**EXERCISE PROMPT**.
From the entries below, please output exactly the lines starting at the one containing "Former Texas state" and ending at the one containing "Ellsworth&nbsp;Kelly Colored Paper", both included.

**THE DATA**.

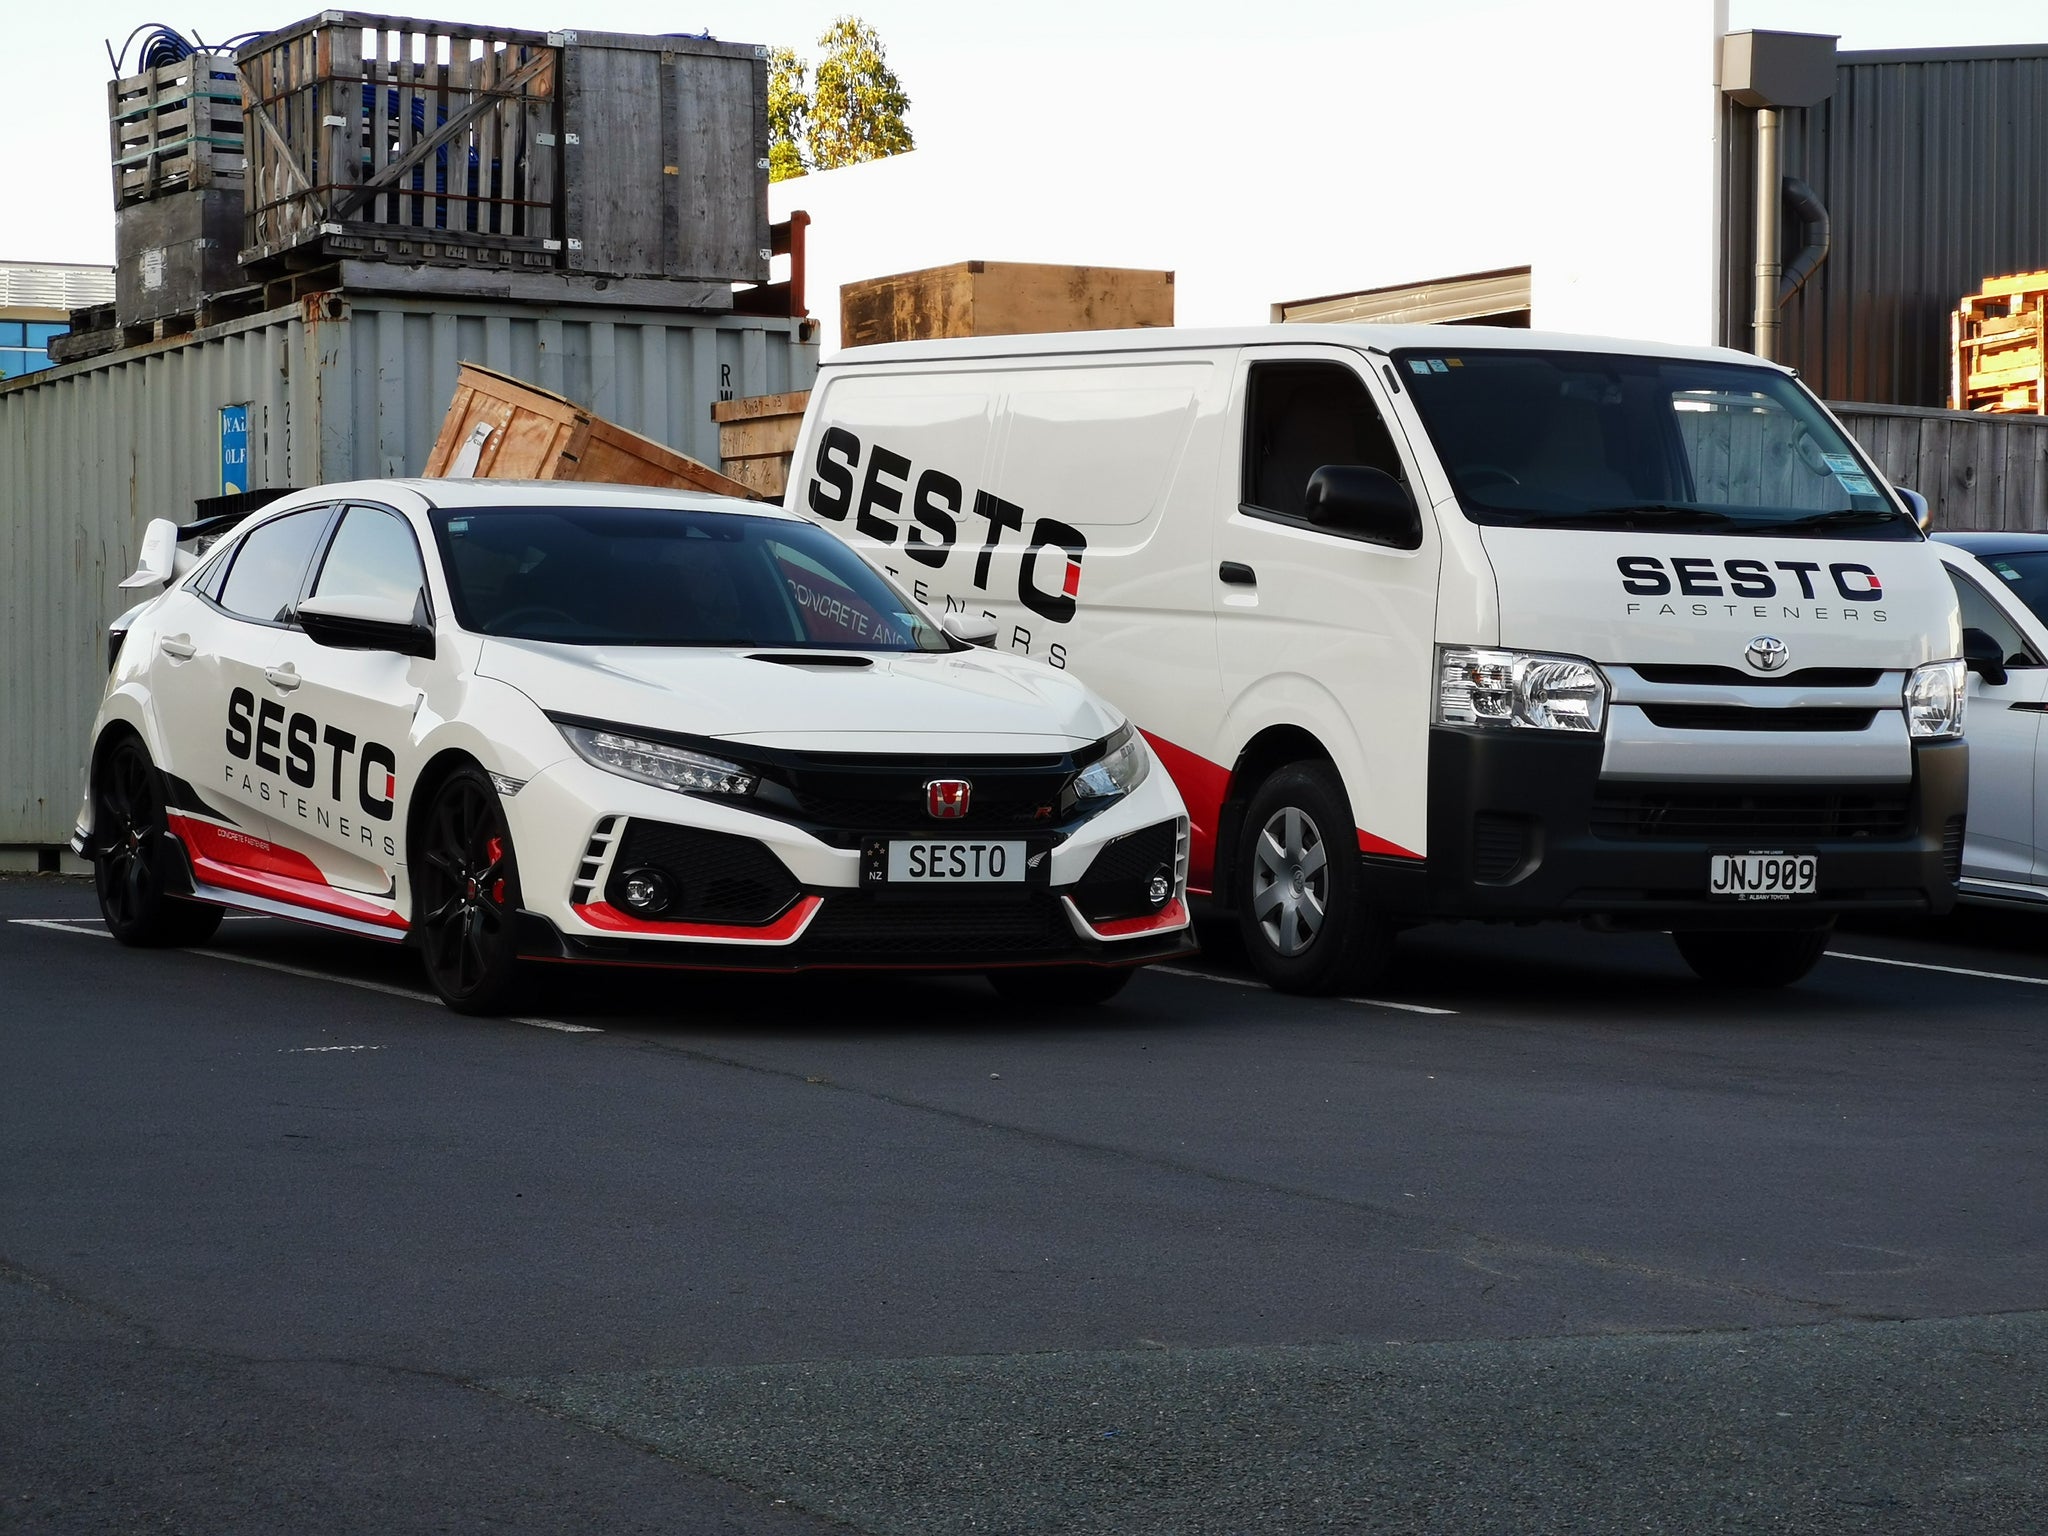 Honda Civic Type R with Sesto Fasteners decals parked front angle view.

--

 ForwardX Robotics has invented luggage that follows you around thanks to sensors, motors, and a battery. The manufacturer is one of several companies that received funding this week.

==

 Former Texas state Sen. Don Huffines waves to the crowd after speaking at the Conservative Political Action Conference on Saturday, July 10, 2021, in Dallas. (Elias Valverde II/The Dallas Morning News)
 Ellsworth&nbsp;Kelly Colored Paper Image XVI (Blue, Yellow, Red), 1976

**WRITTEN SOLUTION**.
 Former Texas state Sen. Don Huffines waves to the crowd after speaking at the Conservative Political Action Conference on Saturday, July 10, 2021, in Dallas. (Elias Valverde II/The Dallas Morning News)
 Ellsworth&nbsp;Kelly Colored Paper Image XVI (Blue, Yellow, Red), 1976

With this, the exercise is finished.